***** EXTRACTED DATA
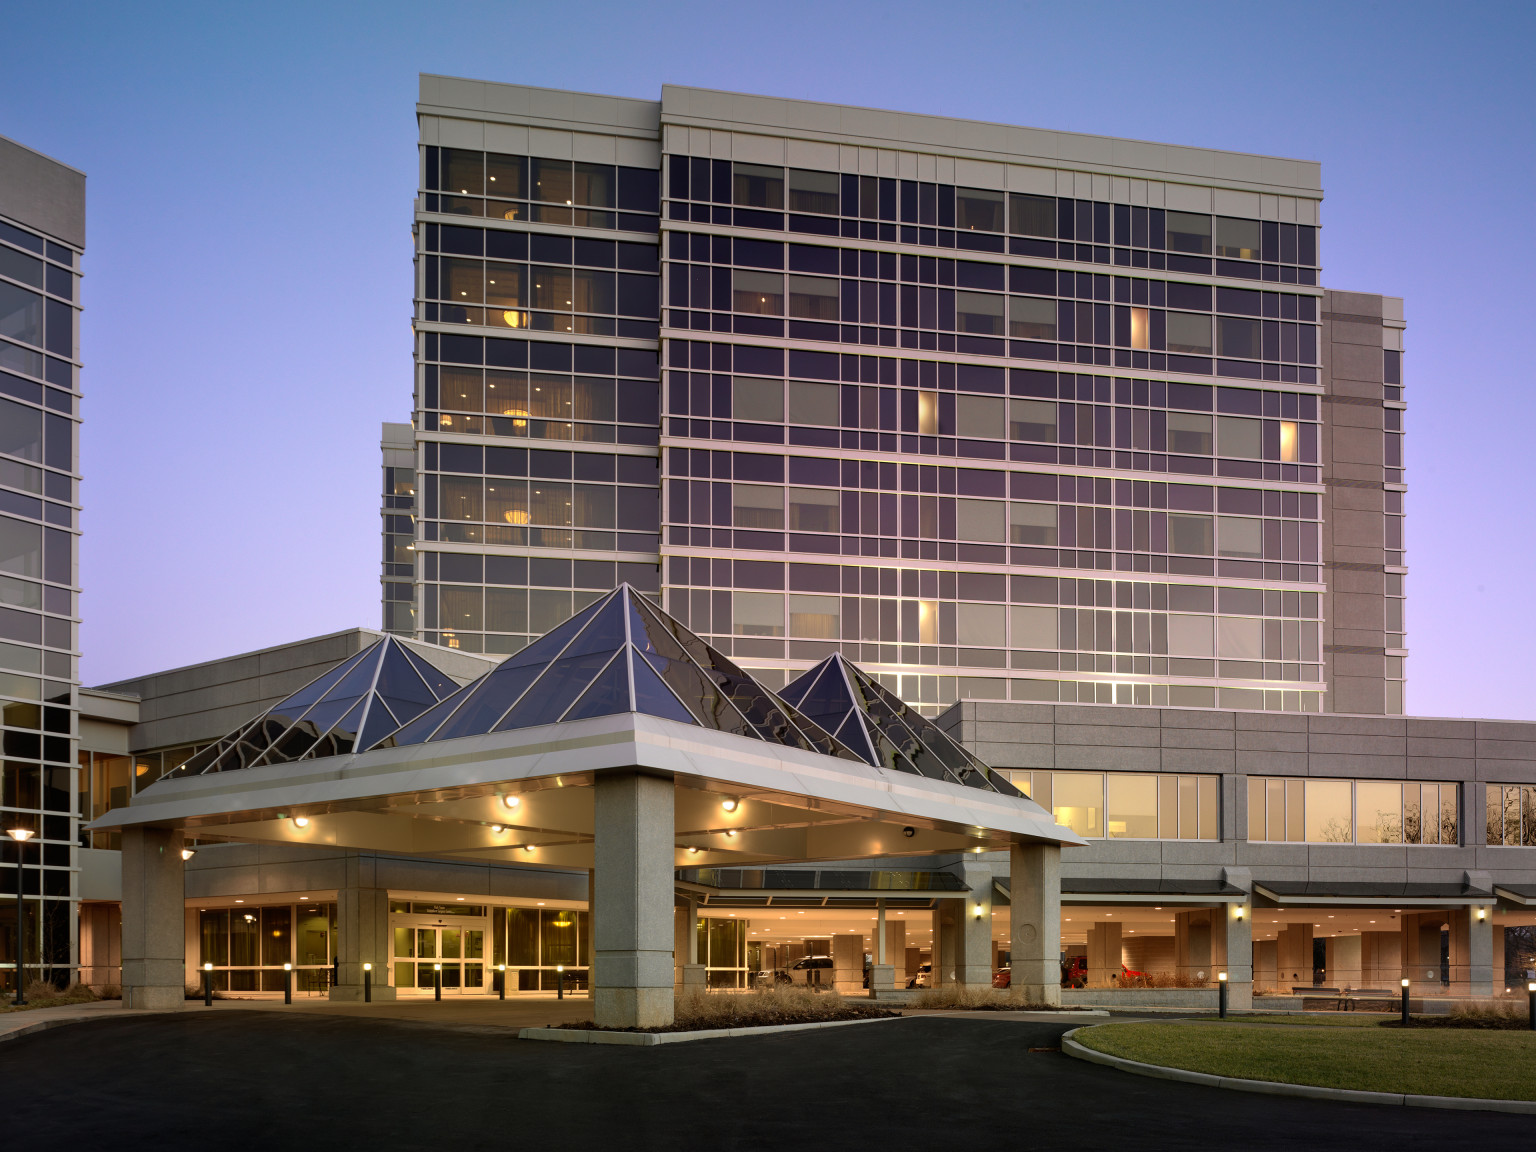 Baptist Health Louisville | Engberg Anderson Architects
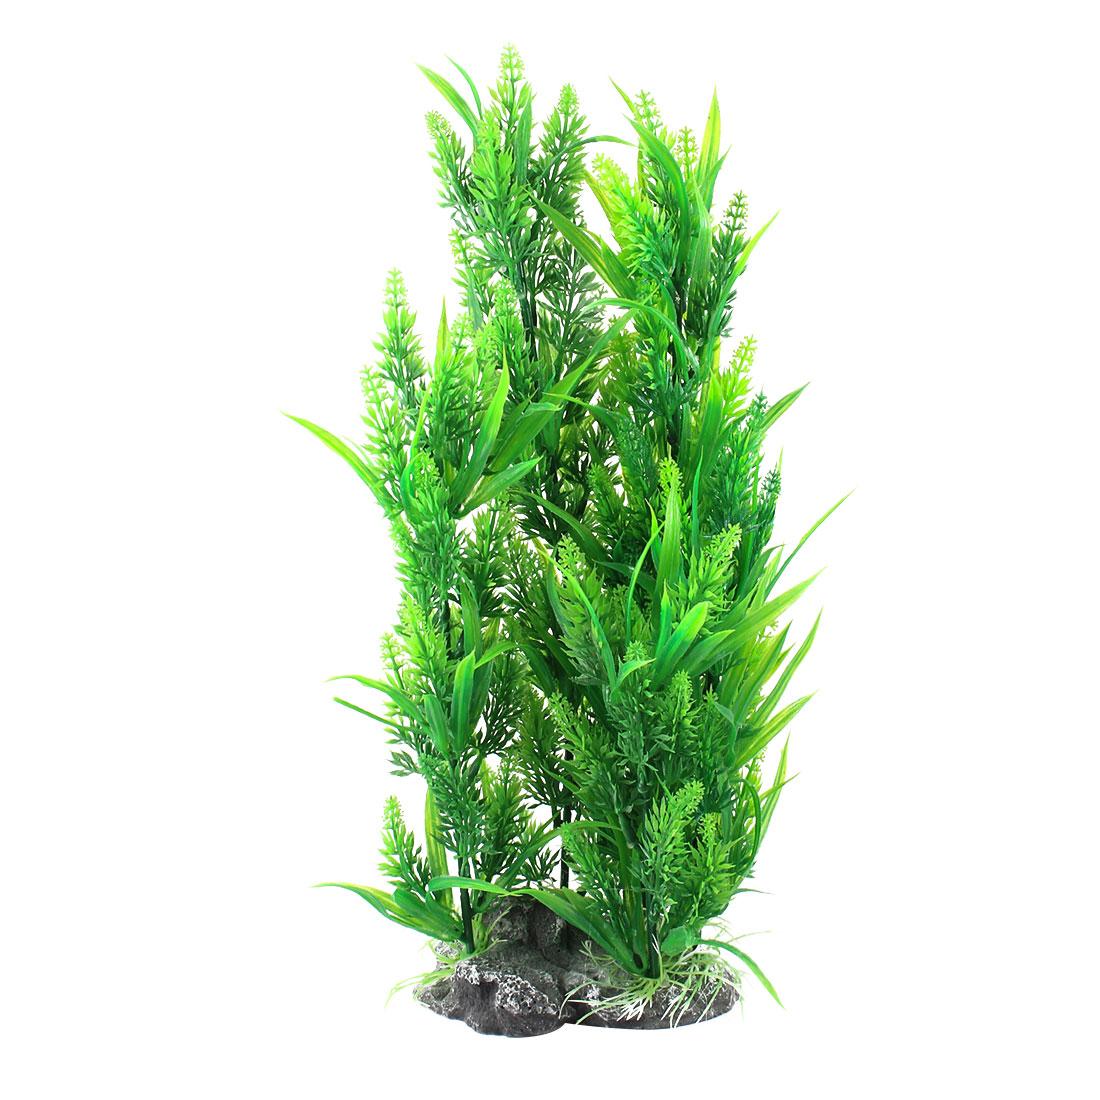 "Green Reed Grass Aquarium Emulational Plastic Plant Decor 15.7"" High"
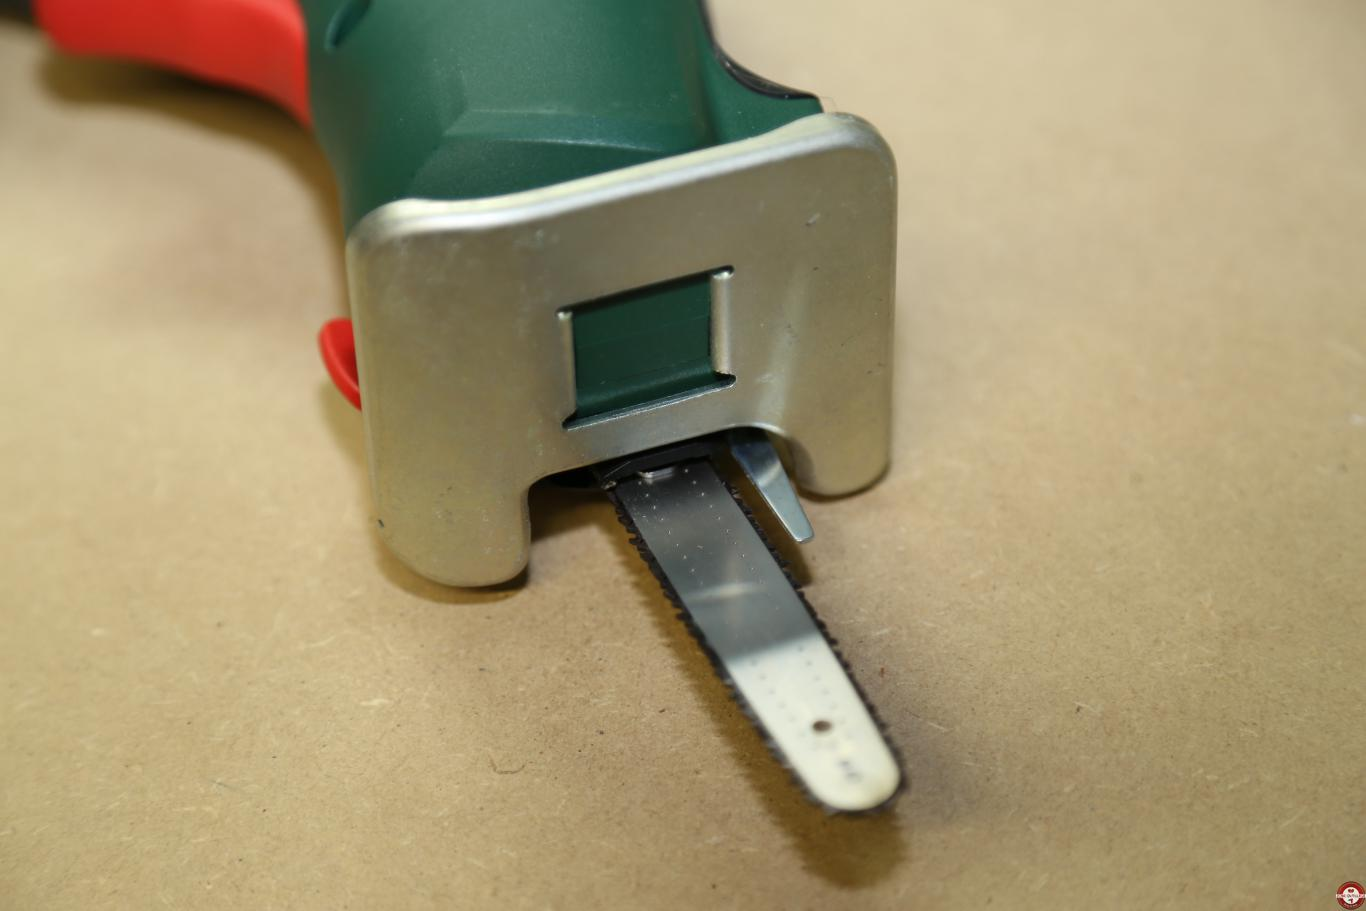 Scie sans fil EasyCut 12 Bosch à lame NanoBlade © Zone Outillage - Benjamin Leharivel
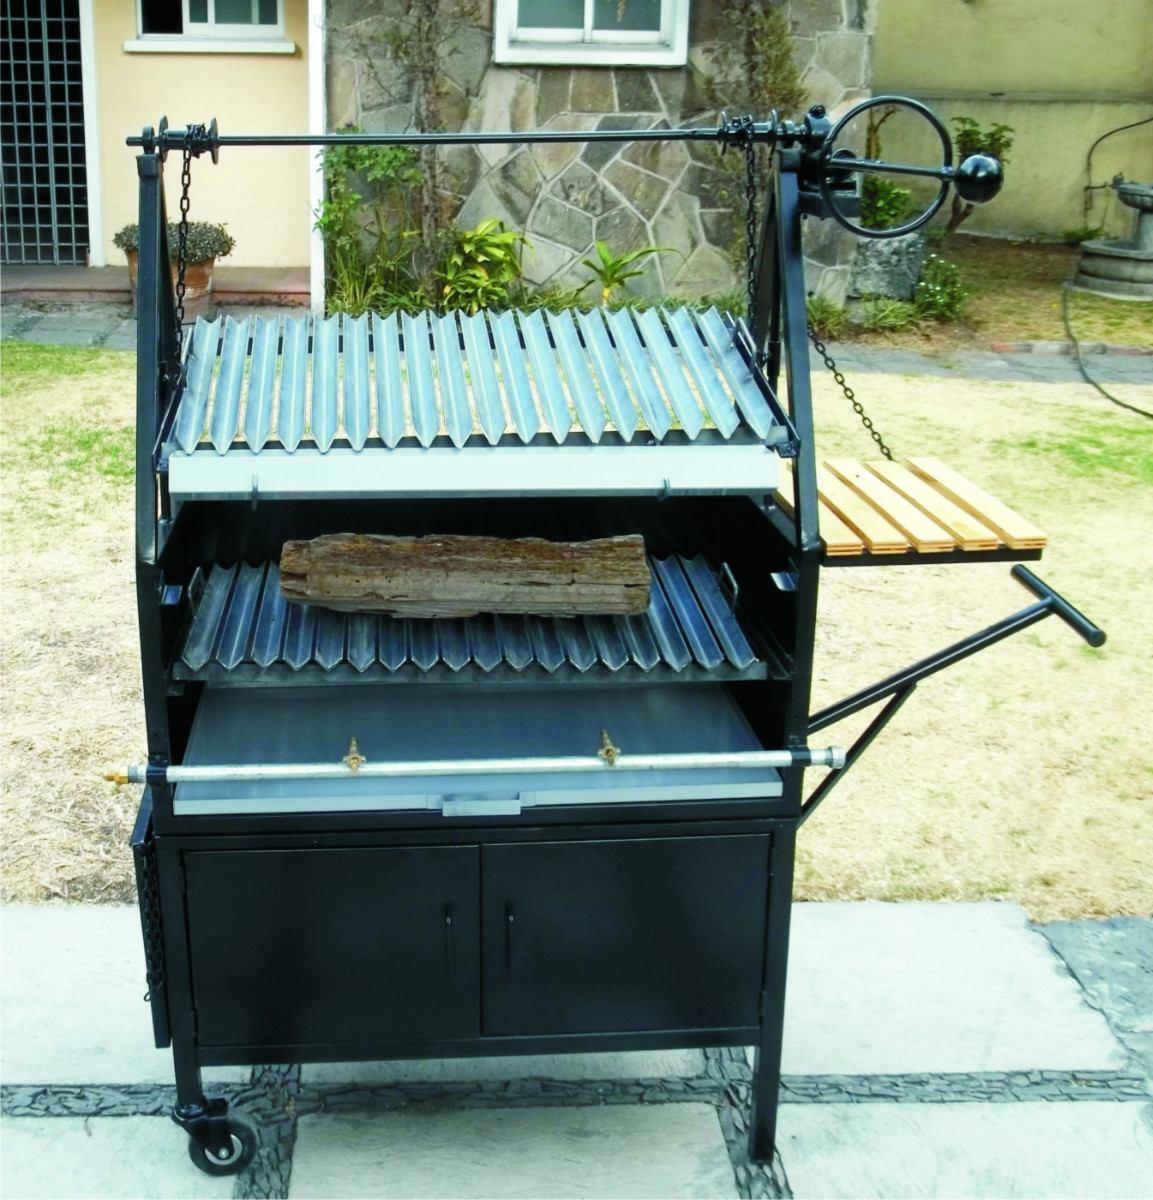 Asadores de carne al carbon tipo parrilla argentino - Parrillas para asar carne ...
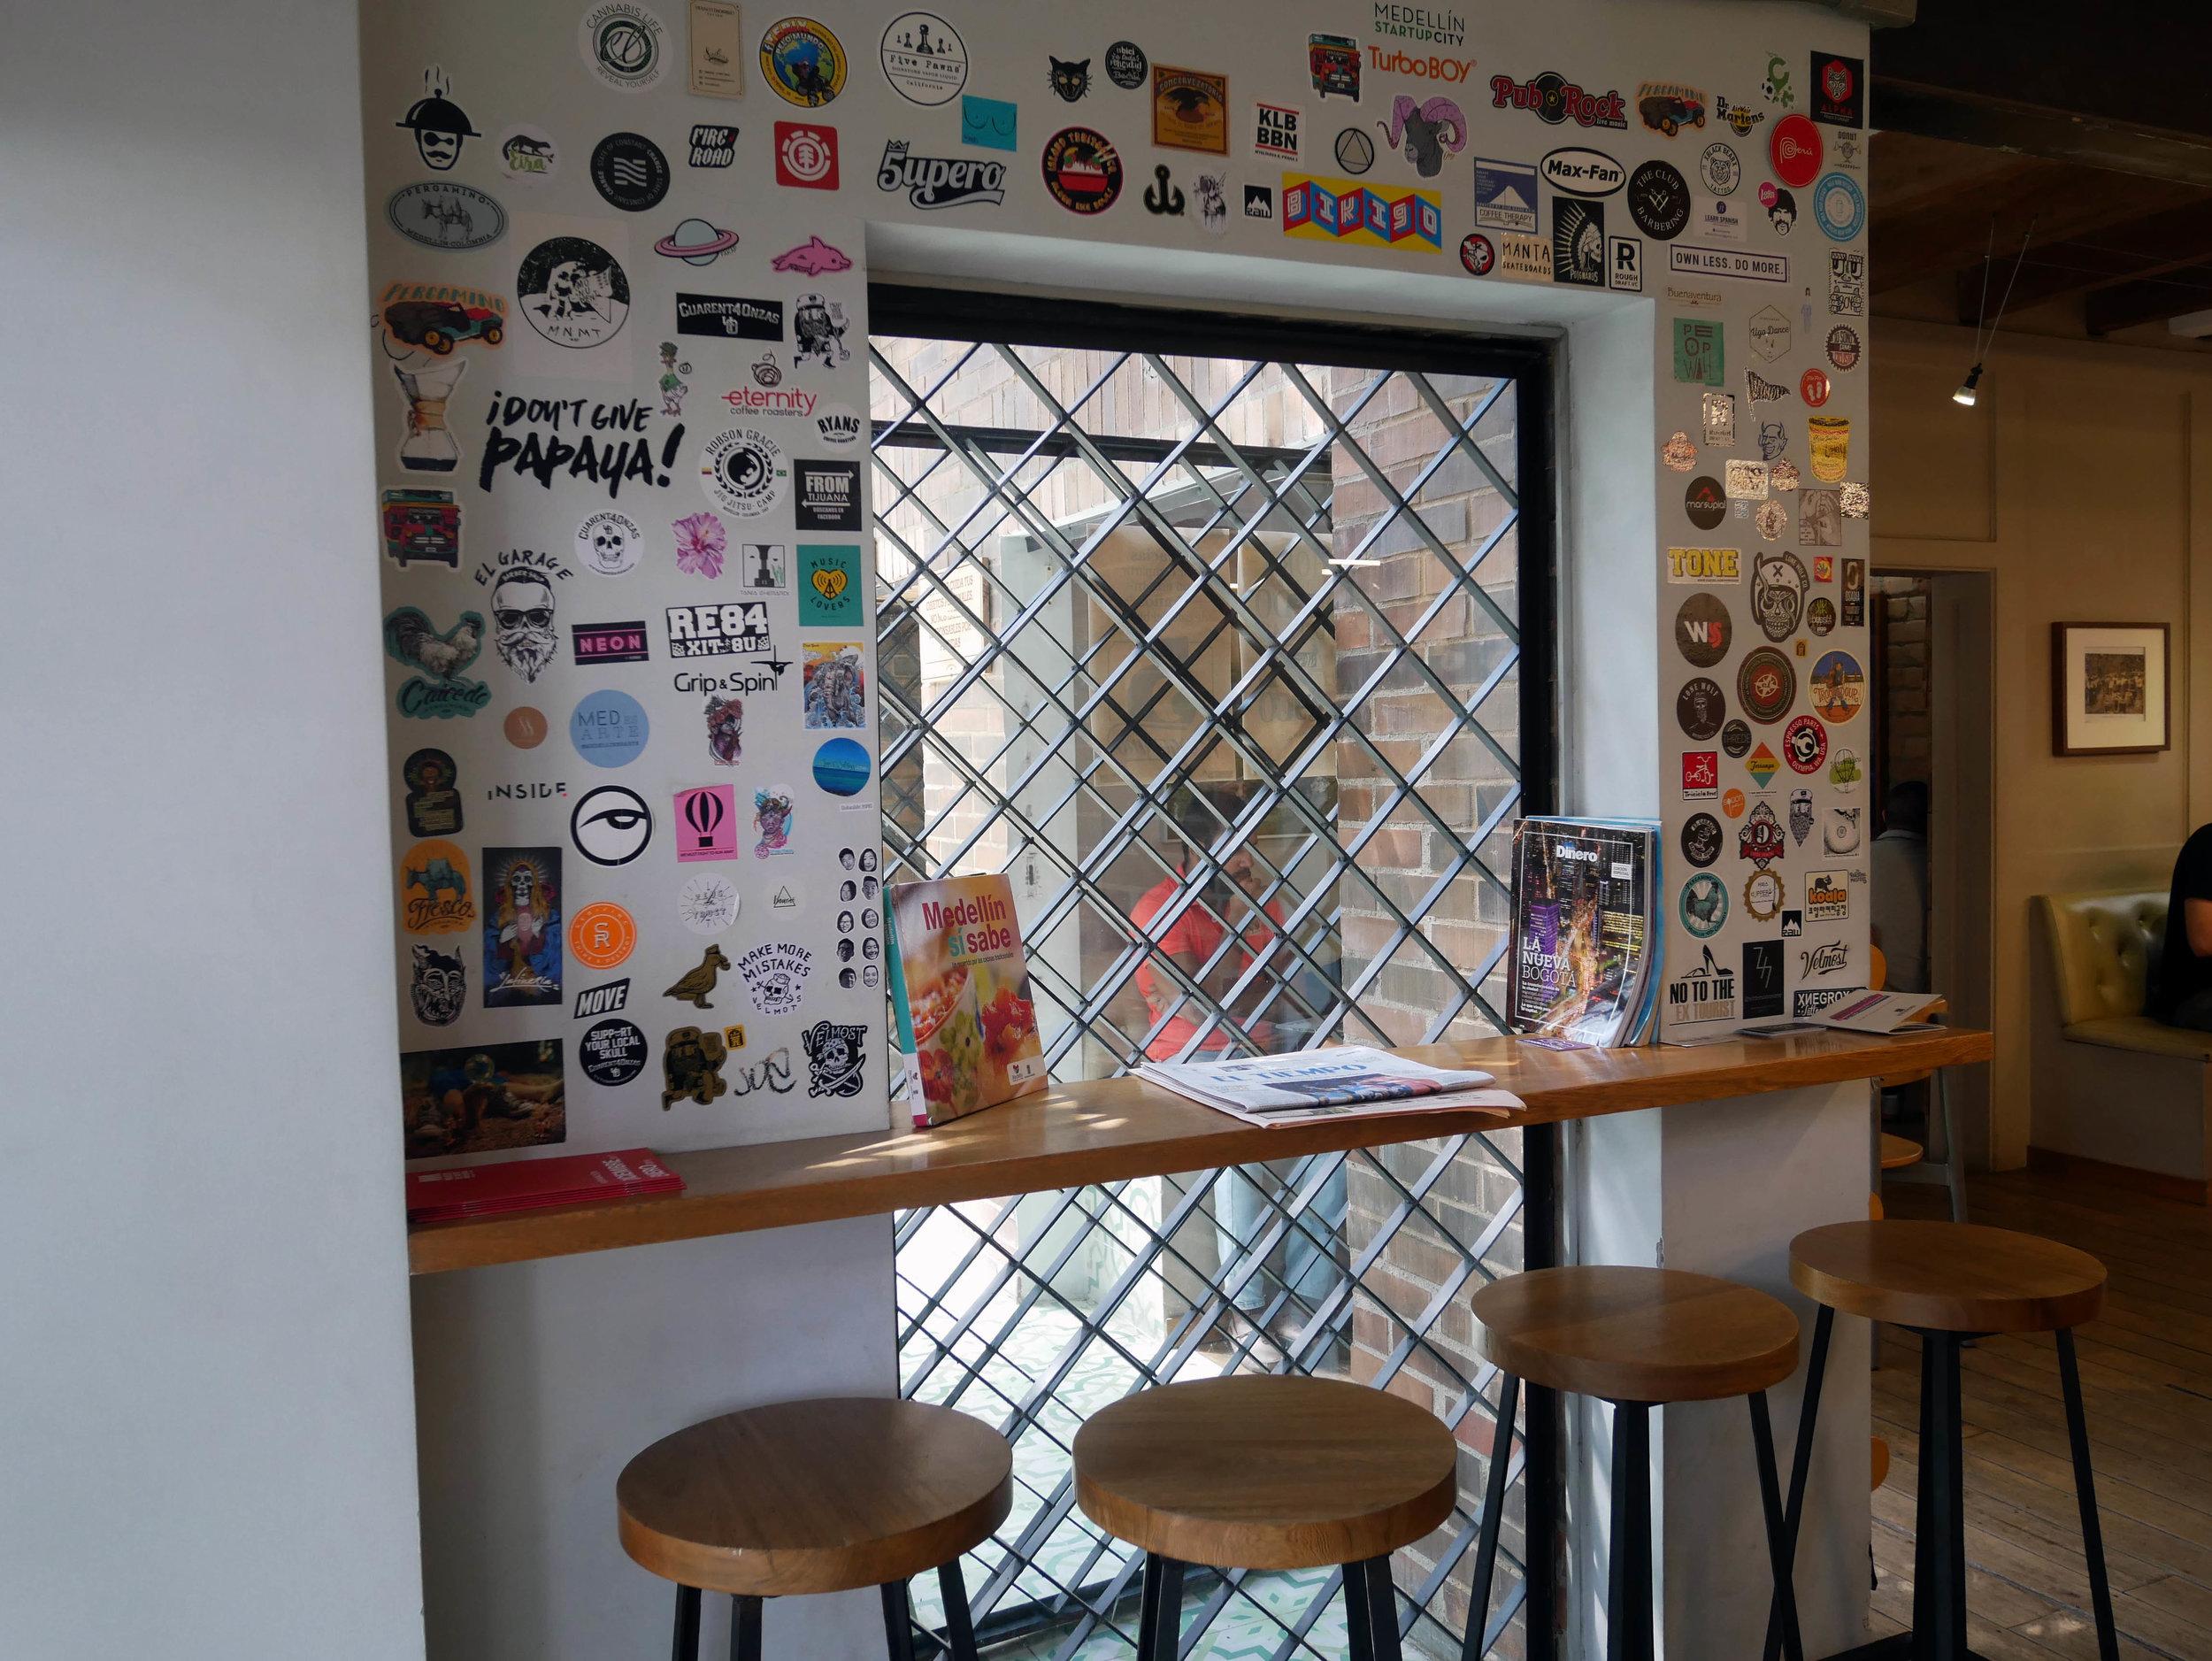 Pergamino coffee interiors and seating
**********
Print the full listing exactly, dropping the pictures.

» **TASK RESPONSE**
 Baptist Health Louisville | Engberg Anderson Architects
 "Green Reed Grass Aquarium Emulational Plastic Plant Decor 15.7"" High"
 Scie sans fil EasyCut 12 Bosch à lame NanoBlade © Zone Outillage - Benjamin Leharivel
 Asadores de carne al carbon tipo parrilla argentino - Parrillas para asar carne ...
 Pergamino coffee interiors and seating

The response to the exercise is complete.